# completed projects



## brown down (Jun 18, 2012)

some of these are going to another shop close to me. I am hoping they bring some cash for all of my hard work! the knives i made for my father for fathers day. all of the timber i saved from the fire pit. all the timber was free which is always a plus!

I tinkered around with some stone inlay and some metal inlay on some of these where they had some voids. stone work is nice just don't know if it is worth the time and effort. 

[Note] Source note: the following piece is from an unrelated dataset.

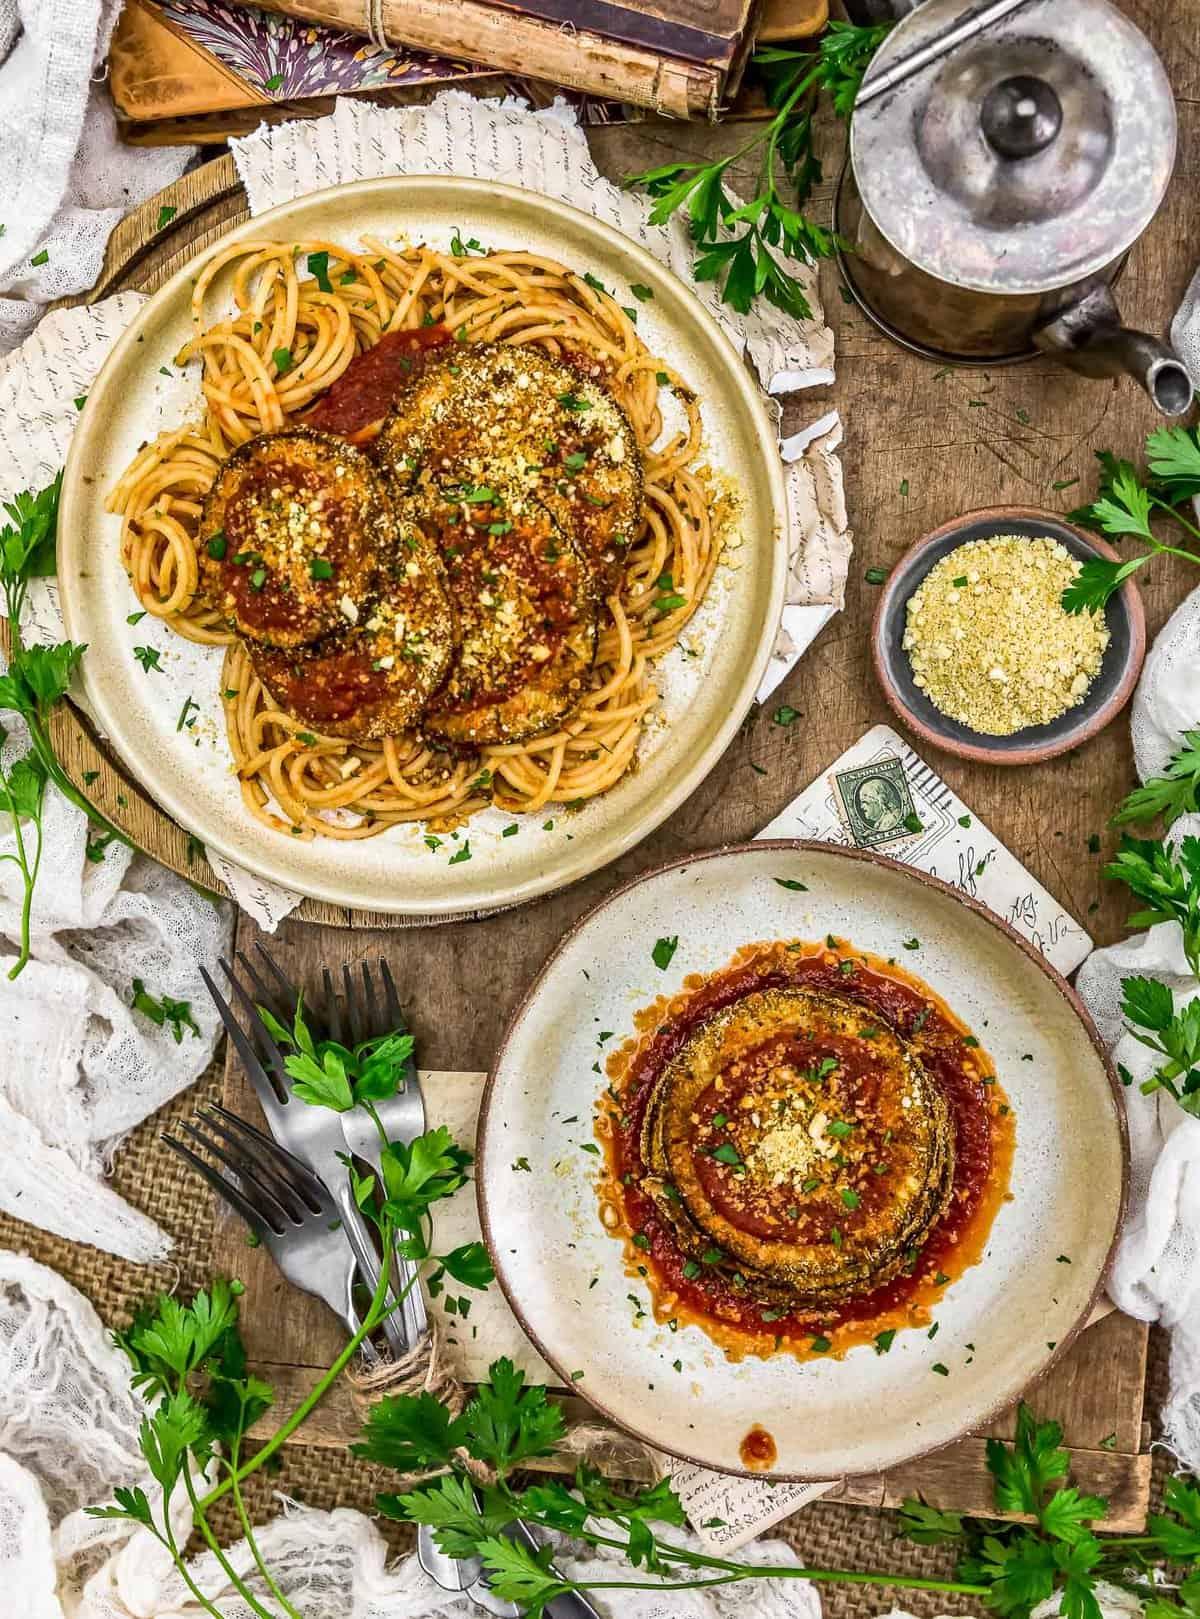 Tablescape of Vegan Eggplant Parmesan

criticism welcome, let me know what you think1
[attachment=6844]
[attachment=6845]
[attachment=6846]
[attachment=6847]
[attachment=6848]
[attachment=6849]
[attachment=6850]
[attachment=6851]
[attachment=6852]
[attachment=6853]


----------



## brown down (Jun 18, 2012)

few more
[attachment=6854]
[attachment=6855]
[attachment=6856]
[attachment=6857]


----------



## Mike1950 (Jun 18, 2012)

Jeff, they all look very nice. Nice gift for your dad. Stone inlay- I would not be a good judge- I am partial to wood- Was a plaster contactor- and loved making powders into stone but not putting them into wood. Just me though...........


----------



## Twig Man (Jun 18, 2012)

Brown down gets thumbs up...very nice work


----------



## Kevin (Jun 18, 2012)

Jeff,

Well done in all respects. Nice looking mills and bowls and knives goblets and stoppers.


----------



## NYWoodturner (Jun 18, 2012)

Jeff- nice work all around. Good designs on the mills. I think you will Rowell YTD thet shop !
Scott


----------



## DKMD (Jun 18, 2012)

Nice work on the whole lot... I'll bet they sell like hotcakes!


----------



## txpaulie (Jun 19, 2012)

Wowsers!
You've been busy!

Beautiful turnings and spectacular wood!

Thanks!

p


----------



## steve bellinger (Jun 19, 2012)

great job on all.


----------



## brown down (Jun 19, 2012)

thanks guys. its a tough market finding people that know what goes into handmade items. i am optimistic about bringing them to this shop. they are owned by a fortune 500 company so they have to be approved by the board. we will see how that goes. i have my fingers crossed


thanks again for all of the kind words!


----------



## drycreek (Jun 20, 2012)

They look great! Wish you the best with your endeavor.


----------